Dive Brief:
- South Mississippi Electric will not follow through with its plan to purchase a stake in the Kemper County coal gasification and combined-cycle project, SNL reports, pointing to delays and cost overruns since the purchase agreement was signed in 2010.
- Originally the wholesale electric power cooperative had agreed to purchase 17.5% of the Mississippi Power facility, but that was later dropped to 15% after costs escalated. The Kemper plant, when completed, will convert coal into a cleaner burning gas to be burned in a combined-cycle turbine.
- While the Kemper facility began generating gas power last year, it is not expected to begin burning the synthetic gas until 2016, and costs have risen from an initial estimate of $2.2 billion to now exceed $6 billion.
Dive Insight:
South Mississippi Electric says it can no longer justify the rising costs at the Kemper coal gasification plant. With costs now reaching $6.2 billion, the utility said it no longer believed the deal was good for its member cooperatives.
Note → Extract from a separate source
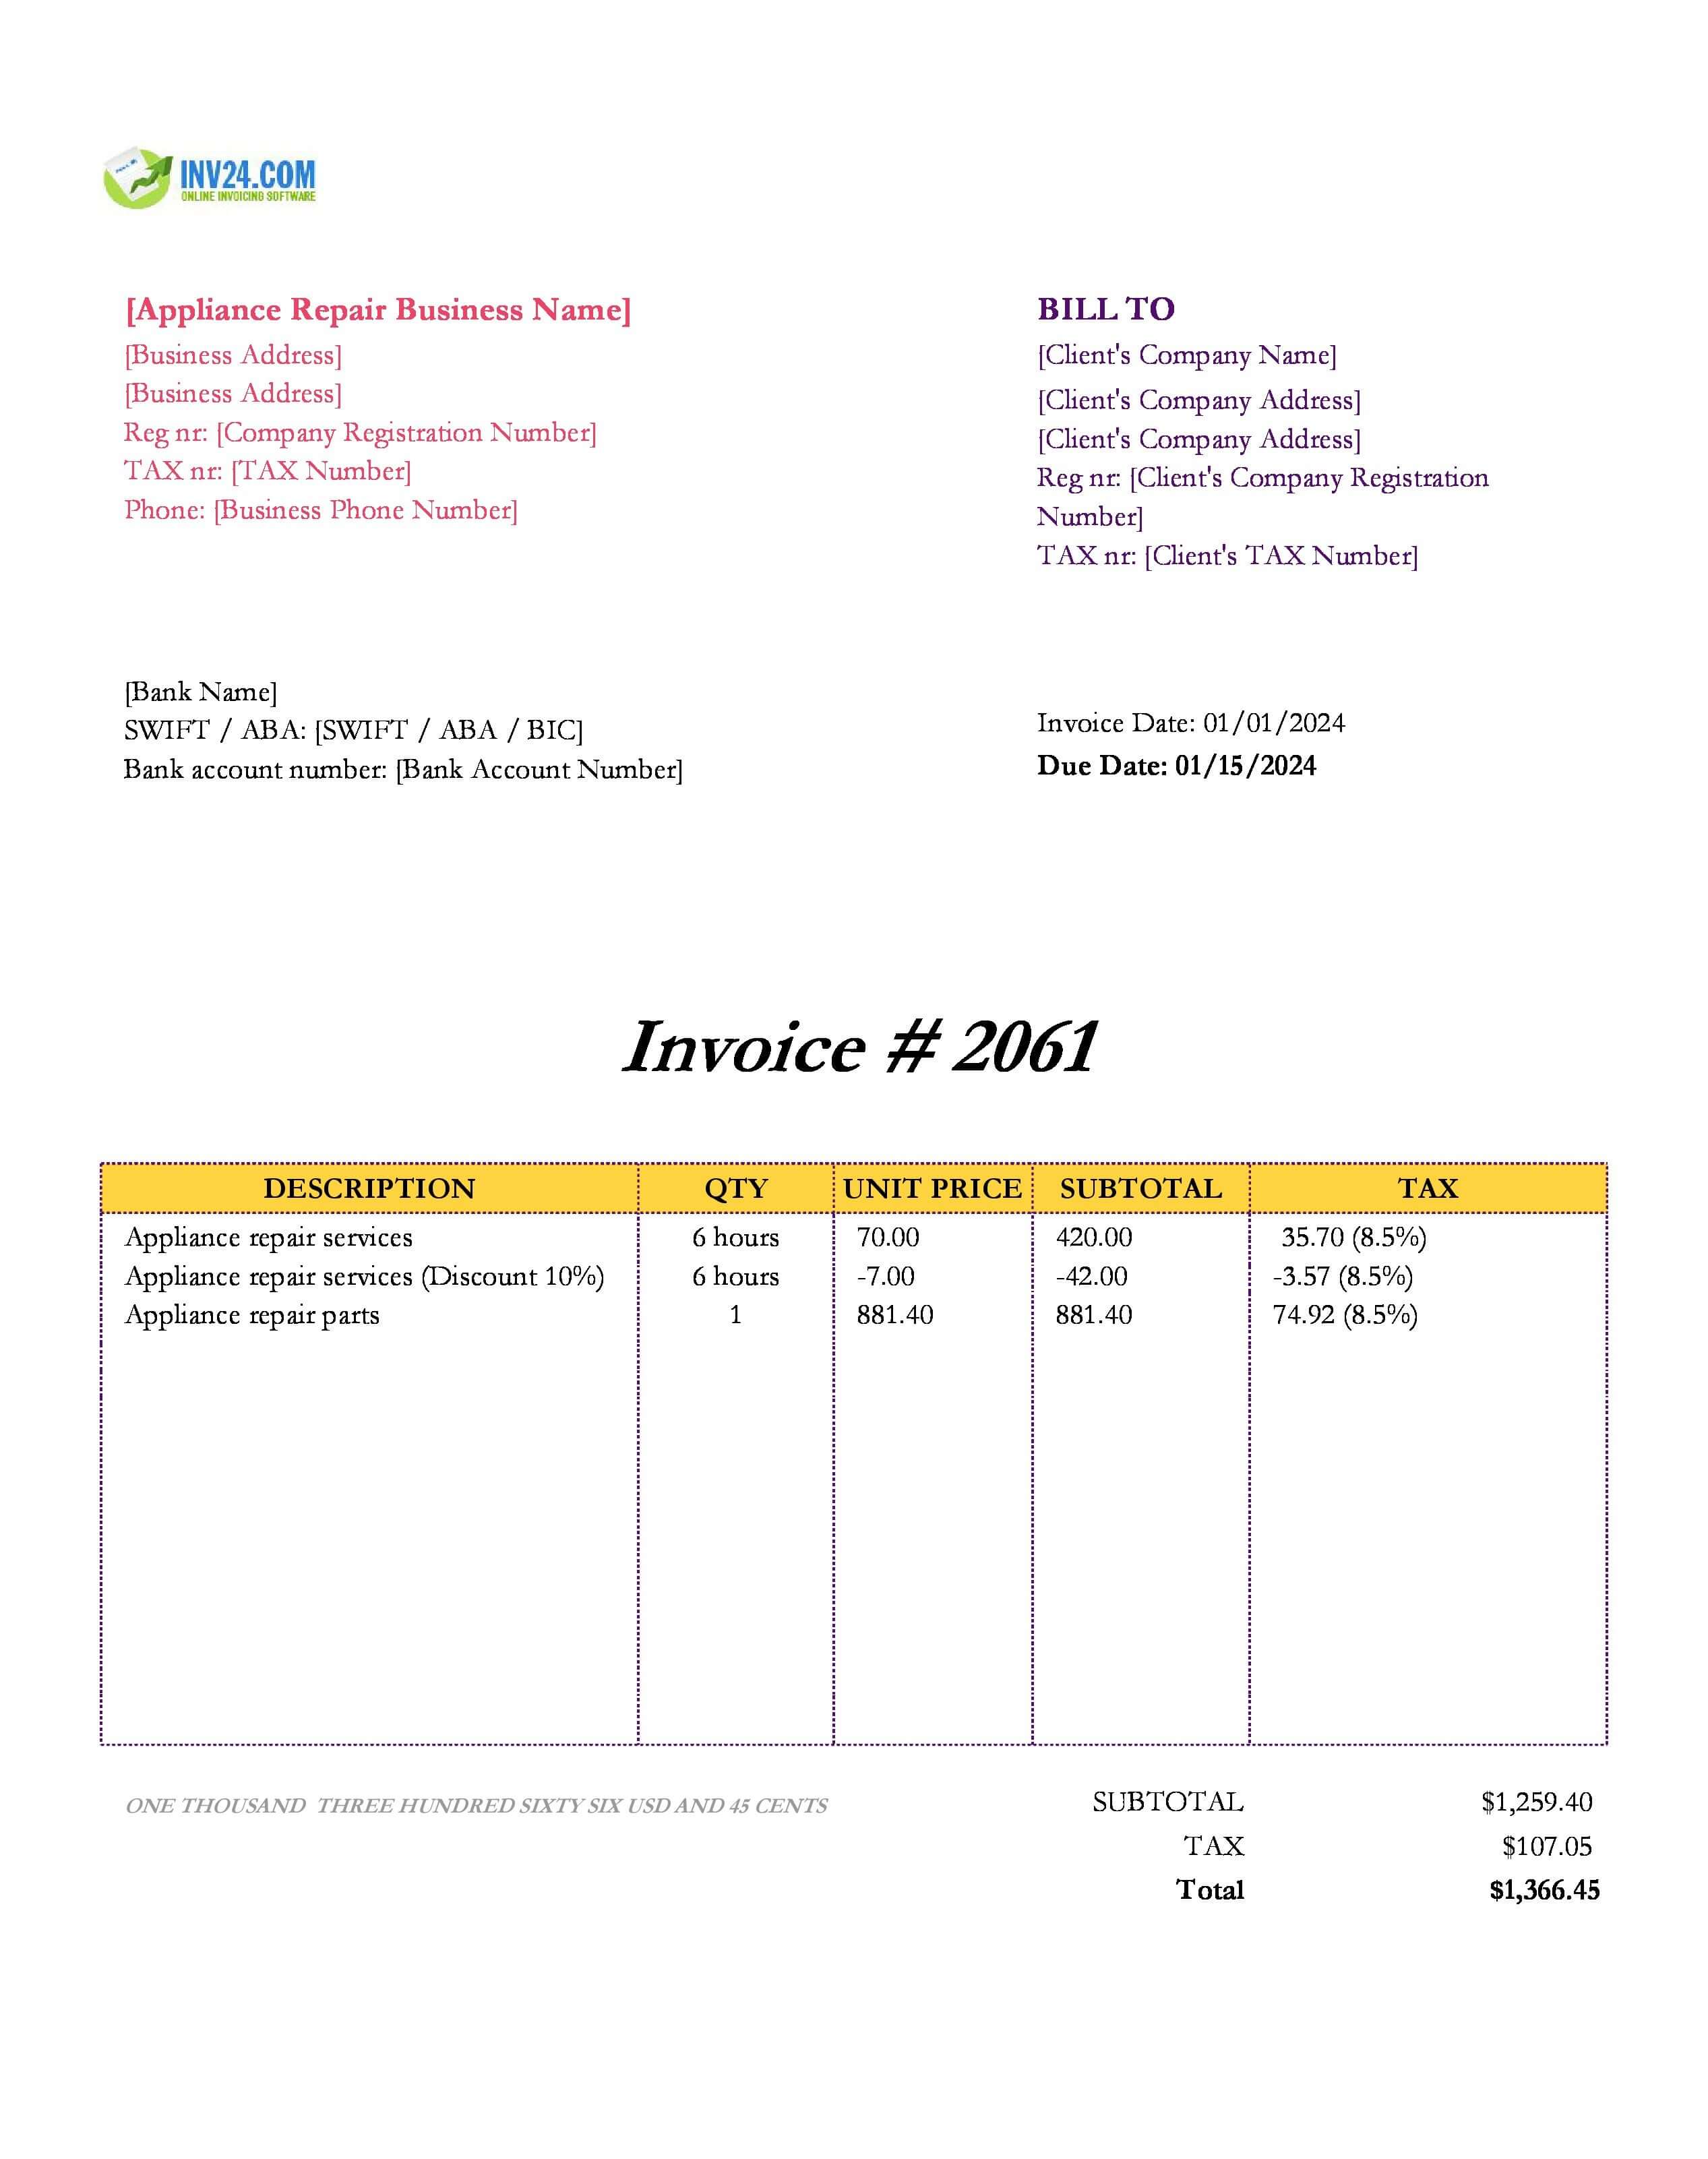 Appliance repair invoice template
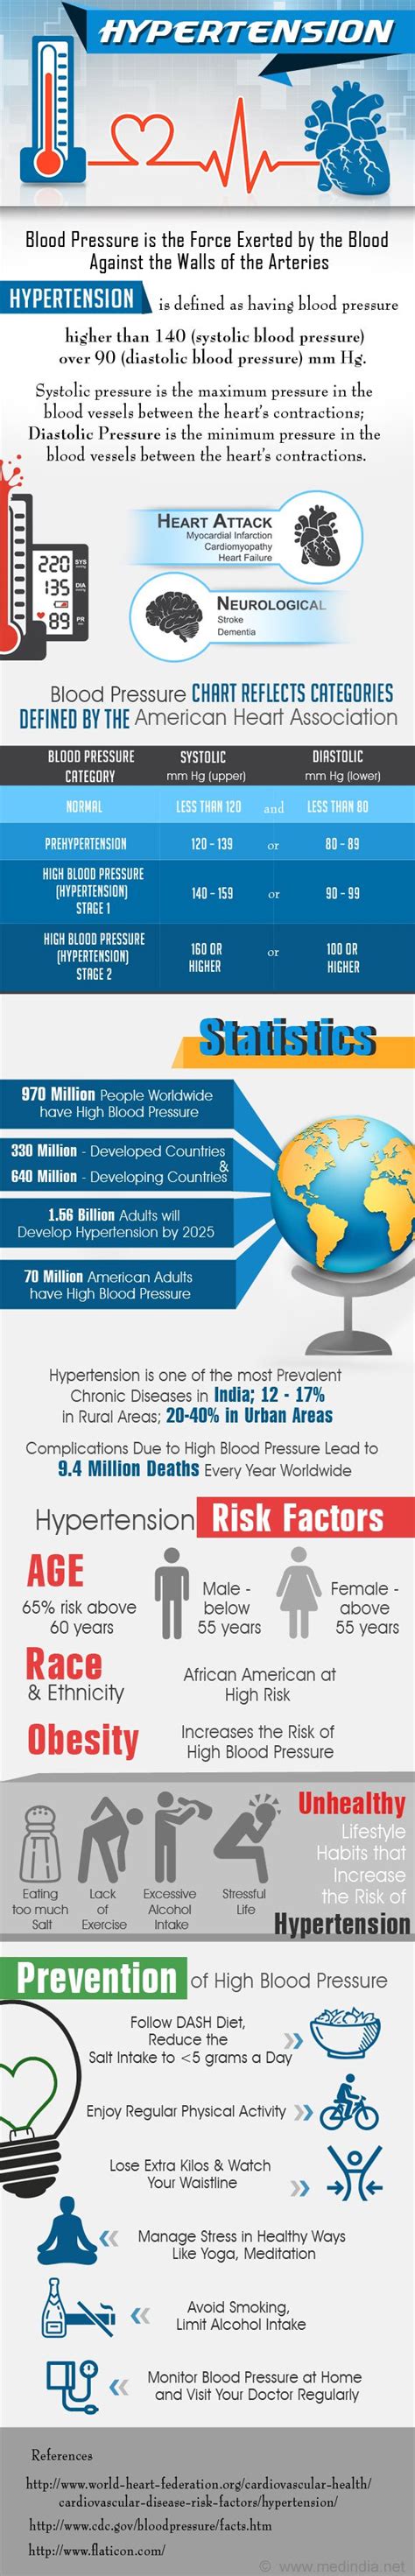 Infographic On Hypertension

"We entered into the purchase agreement in 2010,” Jim Compton, general manager and CEO of South Mississippi, said in a statement. “Since then, there have been multiple changes in the project, and also changes in our power supply needs. The board determined that proceeding to closing was not in SMEPA's best interests.”
According to the cooperative, updated studies showed costs to participate in the project had increased to the point that the "rate impacts necessary for ownership would not best serve the needs of SME’s 11 Member cooperatives or their combined 419,000 members," the cooperative said. "The asset purchase agreement permits termination of SME’s participation in the project due to the delay in closing.
Located in Kemper County, Mississippi the 582-MW facility would be the first Mississippi Power baseload plant built in more than 30 years. It is one of two coal gasification plants in operation in the United States today, along with Duke's Edwardsport plant in Indiana.